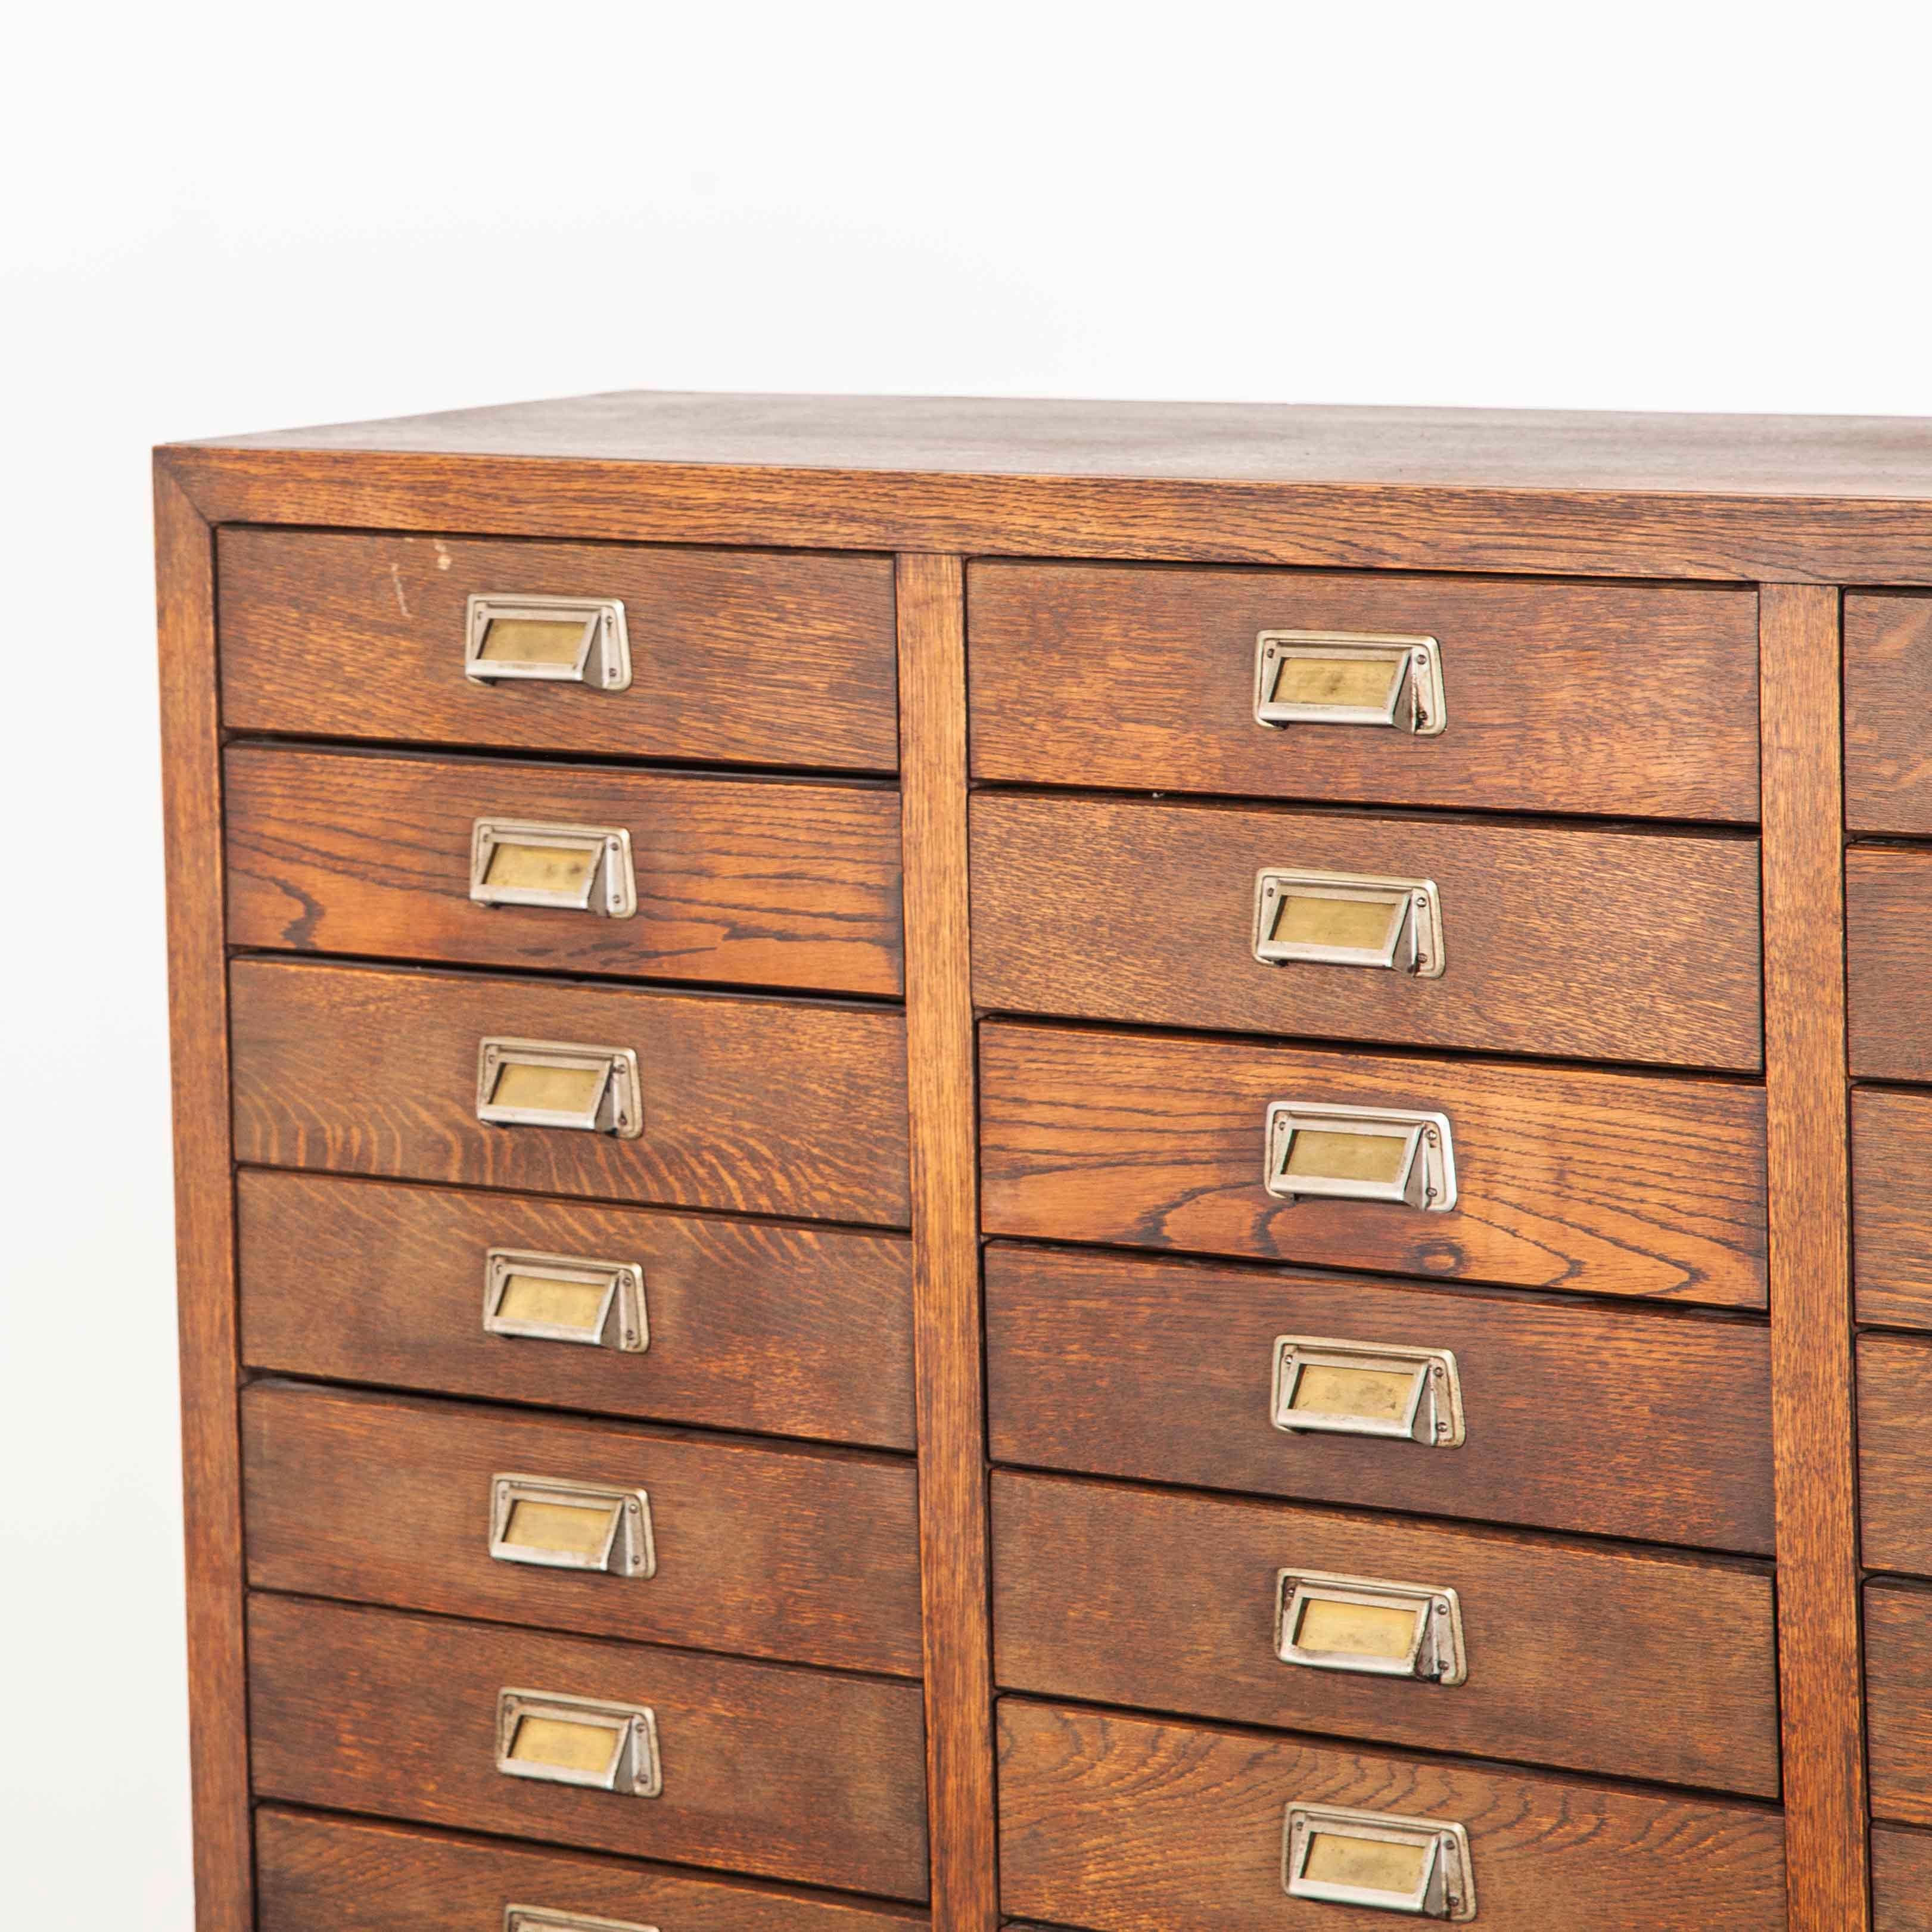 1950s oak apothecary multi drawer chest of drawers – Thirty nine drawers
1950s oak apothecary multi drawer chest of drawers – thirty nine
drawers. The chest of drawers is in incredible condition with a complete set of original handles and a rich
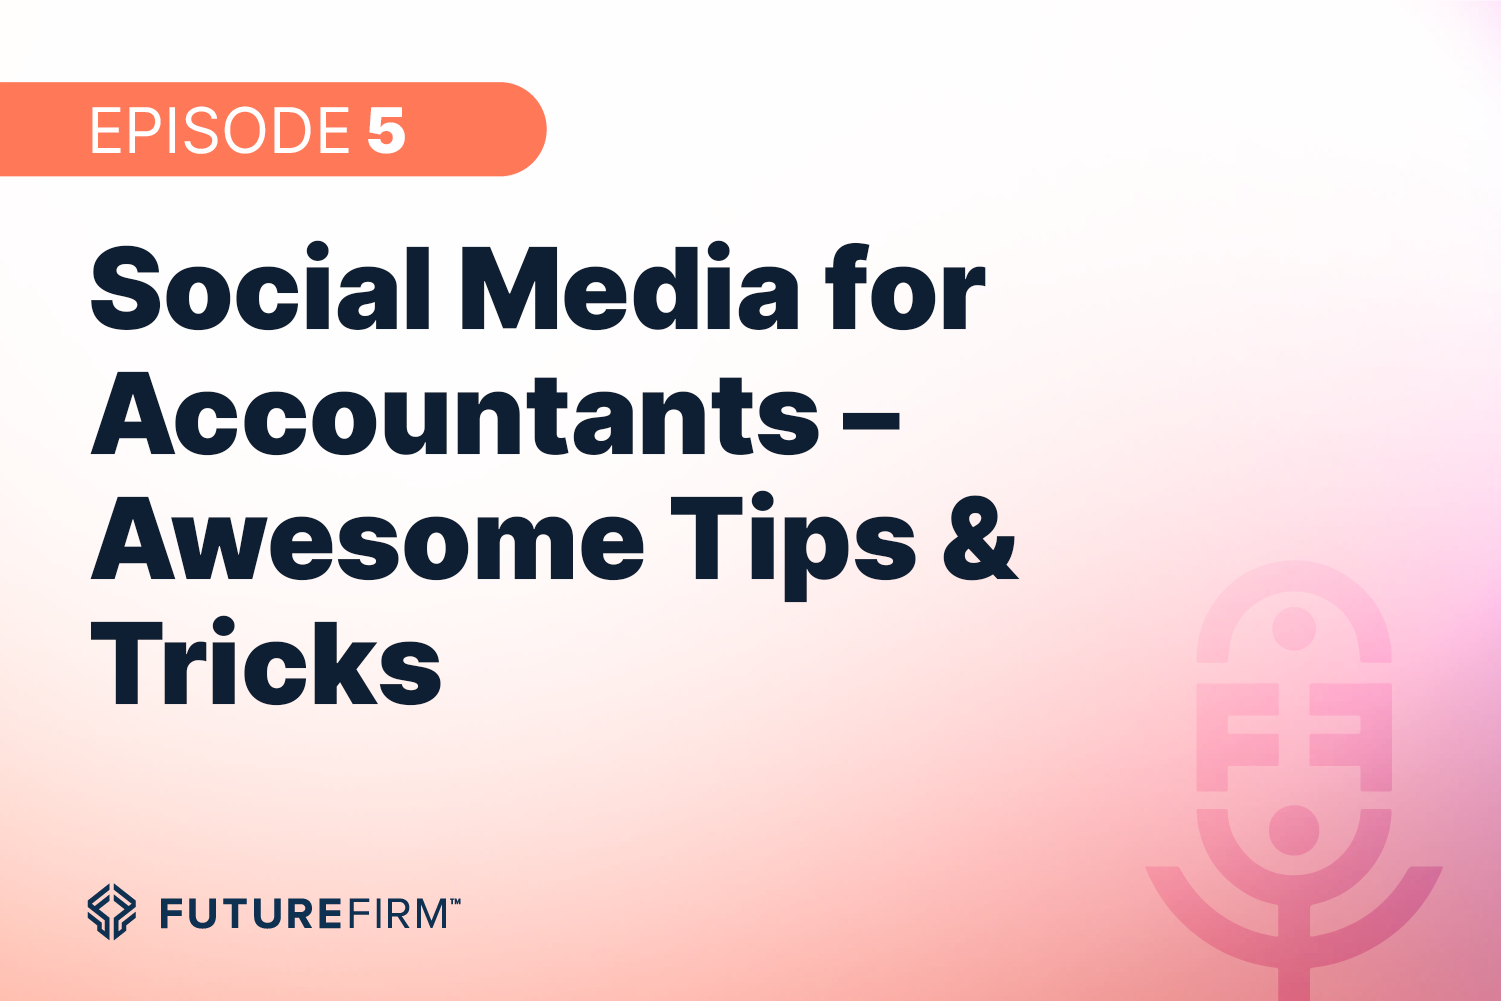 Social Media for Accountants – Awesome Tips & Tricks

○ ○ ○

Every line of the material must be returned verbatim, and pictures must be left behind.

Response box ▸
 1950s oak apothecary multi drawer chest of drawers – Thirty nine drawers
1950s oak apothecary multi drawer chest of drawers – thirty nine
drawers. The chest of drawers is in incredible condition with a complete set of original handles and a rich
 Social Media for Accountants – Awesome Tips & Tricks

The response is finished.